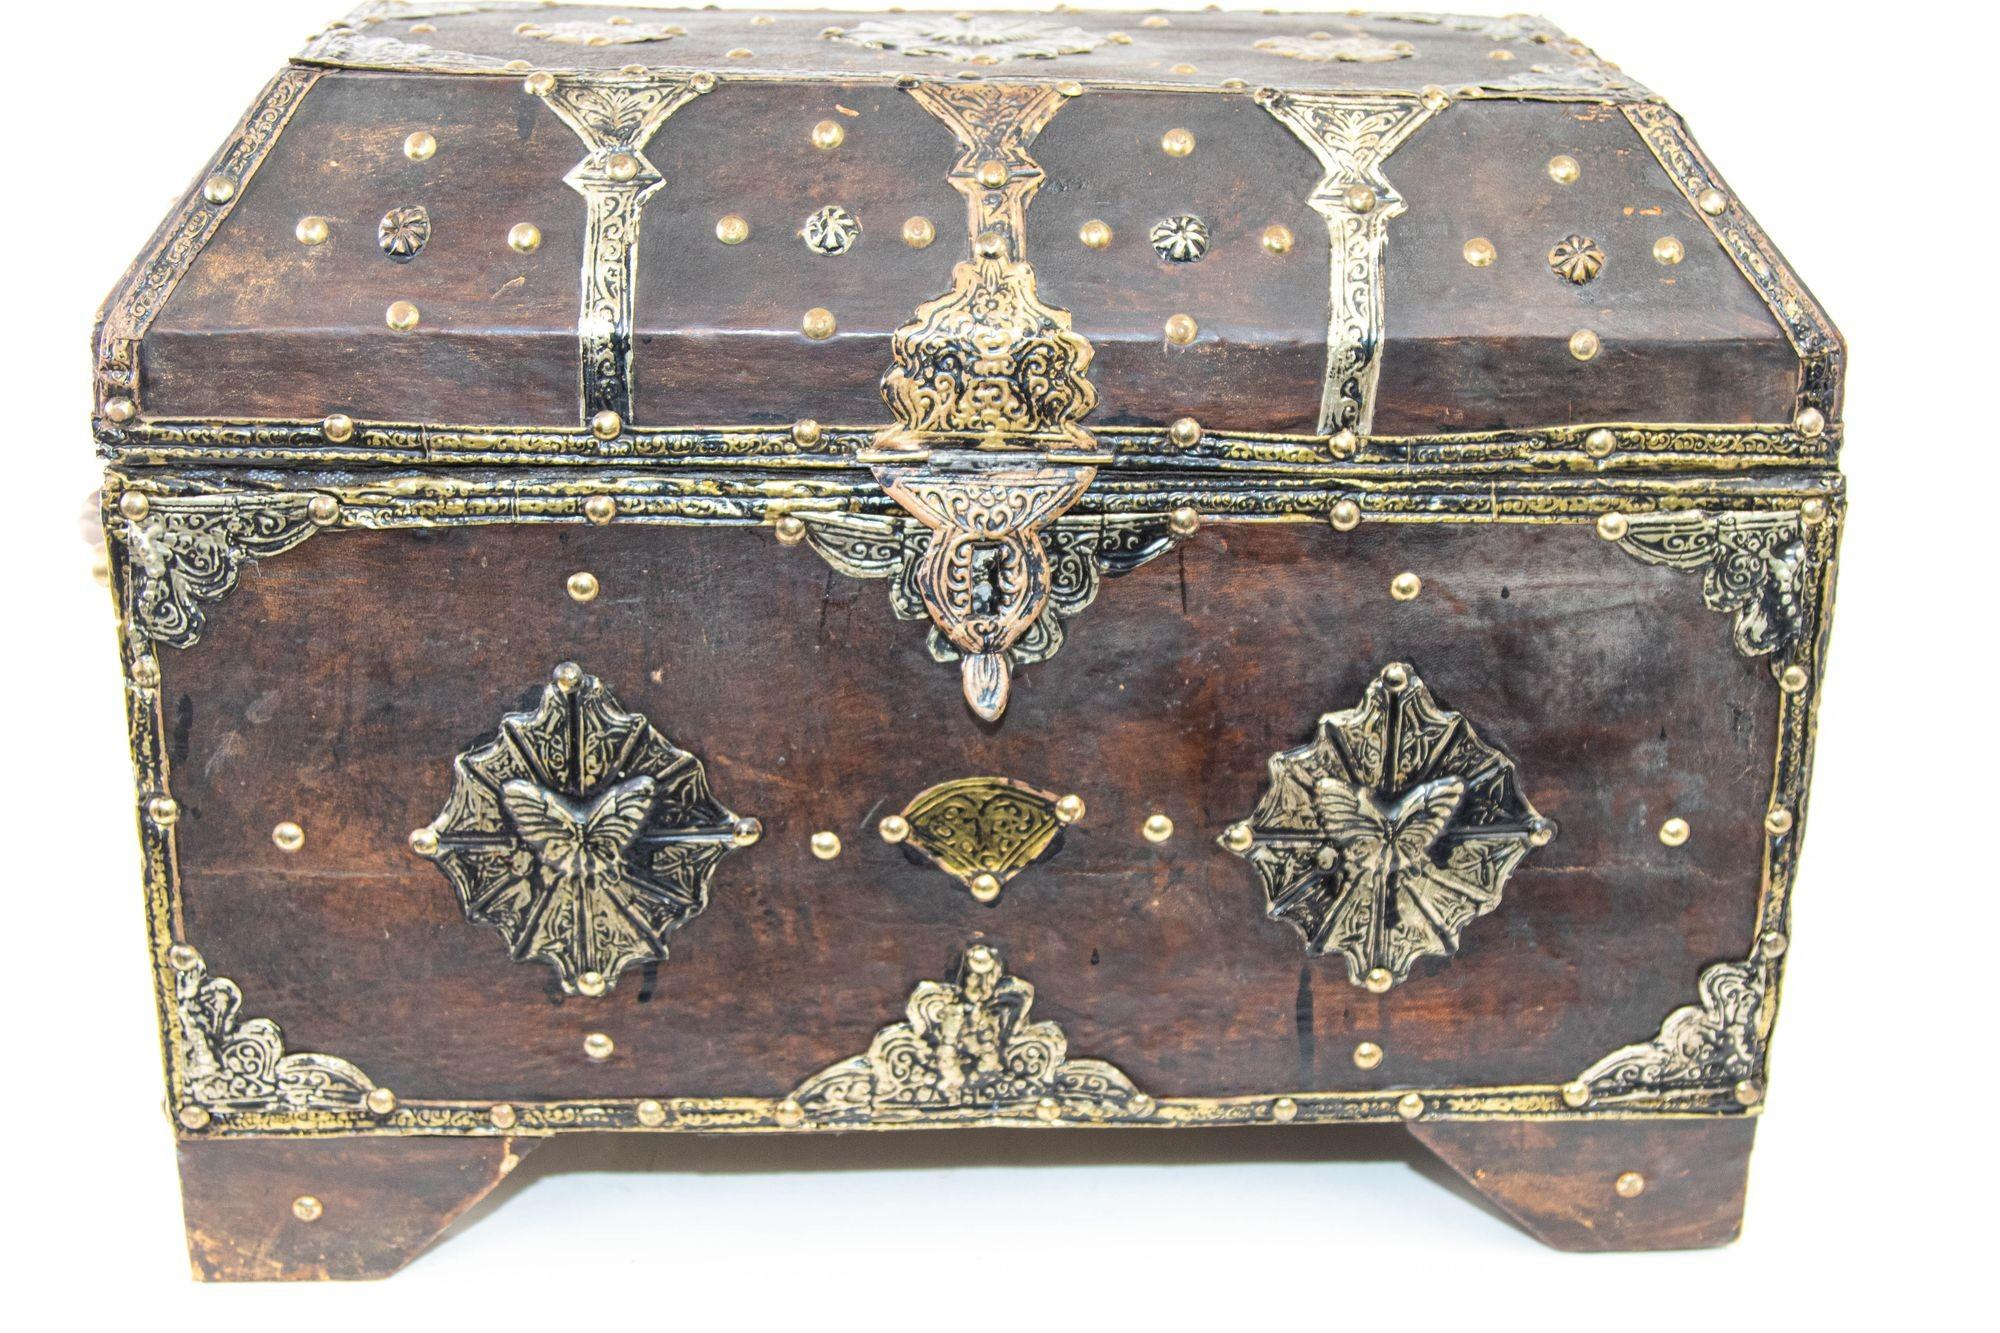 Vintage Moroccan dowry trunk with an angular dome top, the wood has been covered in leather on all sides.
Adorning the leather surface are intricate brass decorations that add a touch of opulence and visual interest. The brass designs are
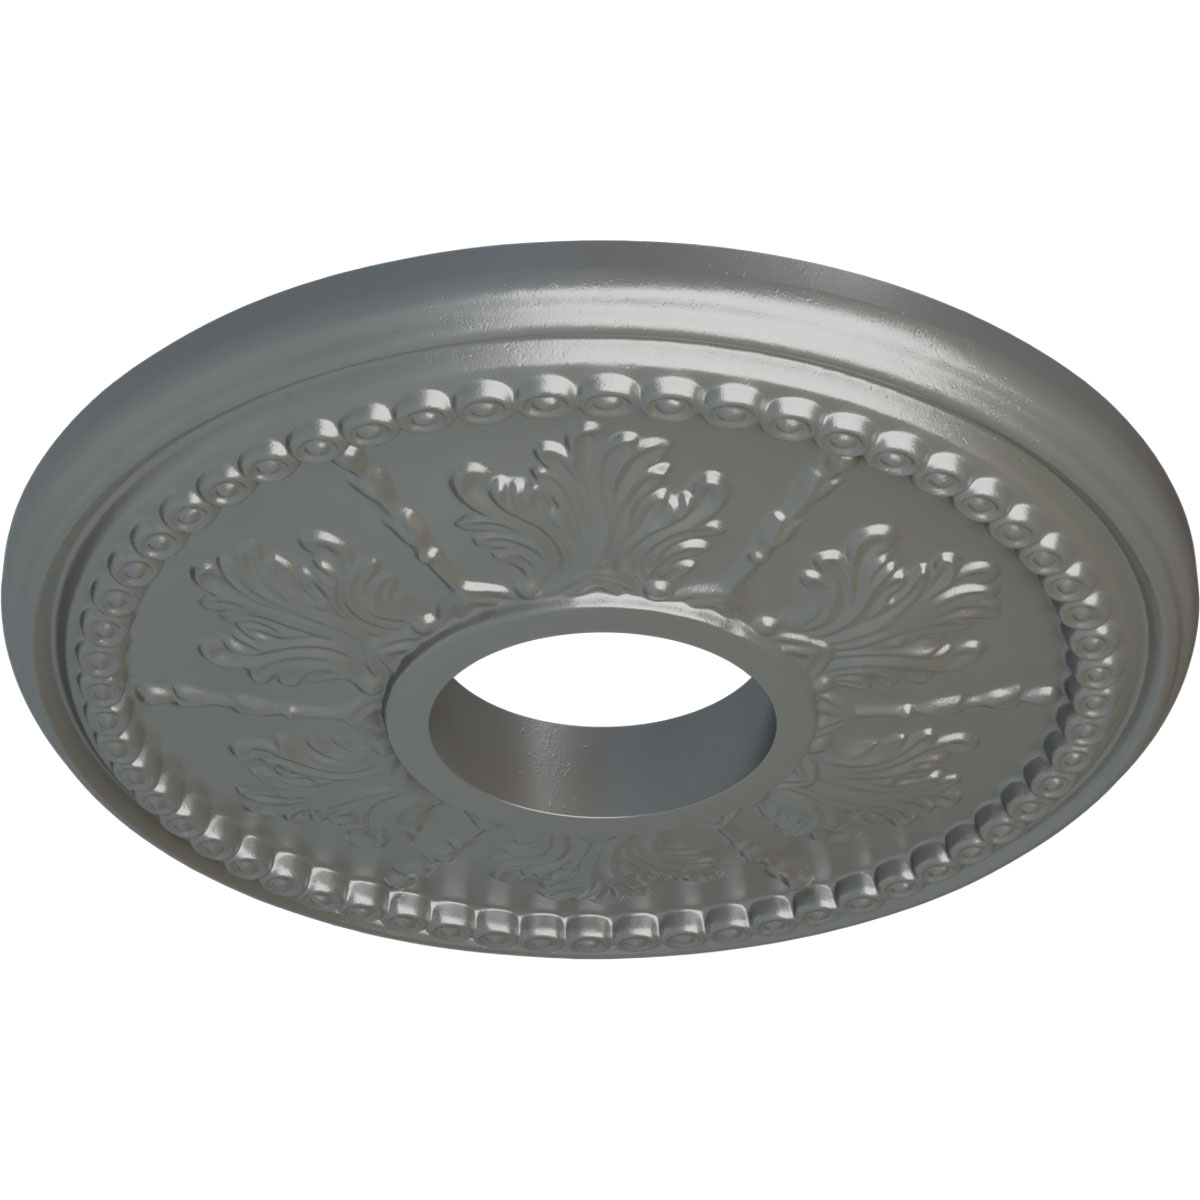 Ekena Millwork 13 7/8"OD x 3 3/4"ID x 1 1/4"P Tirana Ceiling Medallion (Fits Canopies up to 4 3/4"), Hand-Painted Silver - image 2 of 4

§ Task description
Reproduce, exactly and without pictures, the lines above from the one containing "Adorning the leather" through the last line of the material, both ends included, and nothing more.

§ Task result
Adorning the leather surface are intricate brass decorations that add a touch of opulence and visual interest. The brass designs are
 Ekena Millwork 13 7/8"OD x 3 3/4"ID x 1 1/4"P Tirana Ceiling Medallion (Fits Canopies up to 4 3/4"), Hand-Painted Silver - image 2 of 4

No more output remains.